It certainly depends on the data structure used to represent the DAG.
We will use a data structure that I am going to call the characteristic-hash-vector (CHV). Given a graph $G$ of size $n$, and a subgraph $S \subseteq G$, the characteristic vector $X_S$ is the vector of size $n$ that has a 1 for each node in $S$ and a 0 for all other elements. The CHV is a way of representing the characteristic vector using a hashmap. Given a subset $S$, each node $v$ in $G$ is mapped to $X_S(v)$.

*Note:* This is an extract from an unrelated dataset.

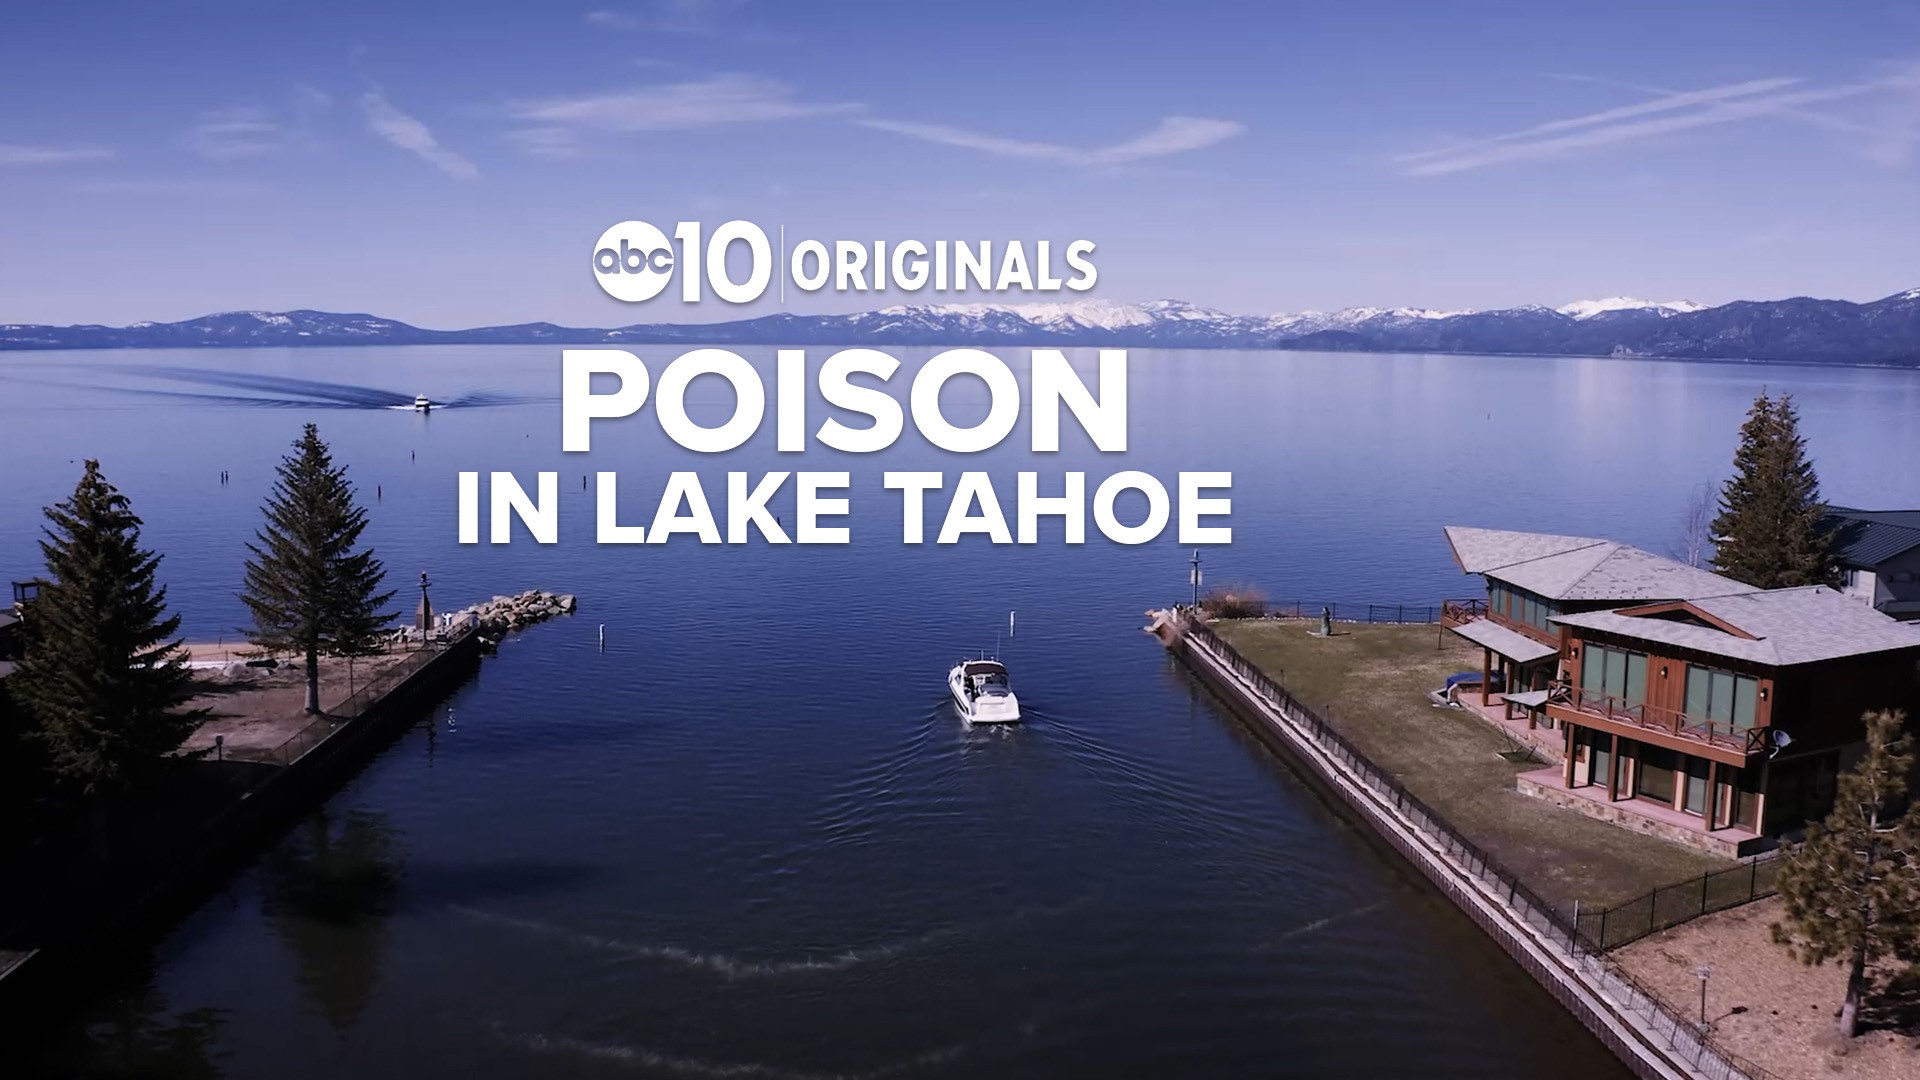 A controversial test to poison invasive underwater weeds is dividing people and environmental groups in Lake Tahoe.

Let's try representing the DAG as a set of nodes, and with each node $x$, maintain a CHV for incoming nodes $y$ (there exists a directed edge from $y$ to $x$) and a CHV for outgoing nodes $w$ (there exists a directed edge from $x$ to $w$). Then, it is easy to find a node with no incoming edges. Start with any arbitrary node, and then pick any arbitrary node from its incoming CHV, and so on, until we reach a node with an empty incoming CHV. By the proof the earlier in the section, we know that this search will terminate in $O(n)$ time.
Then, we go to each node in this final node's outgoing CHV, and remove the final node from its incoming CHV (this is where we use the constant-time properties of hashmaps/CHVs). This process also takes $O(n)$ time.
Thus, we have a runtime of $O(n)$ for each iteration of the loop in the algorithm to compute a topological order for a DAG.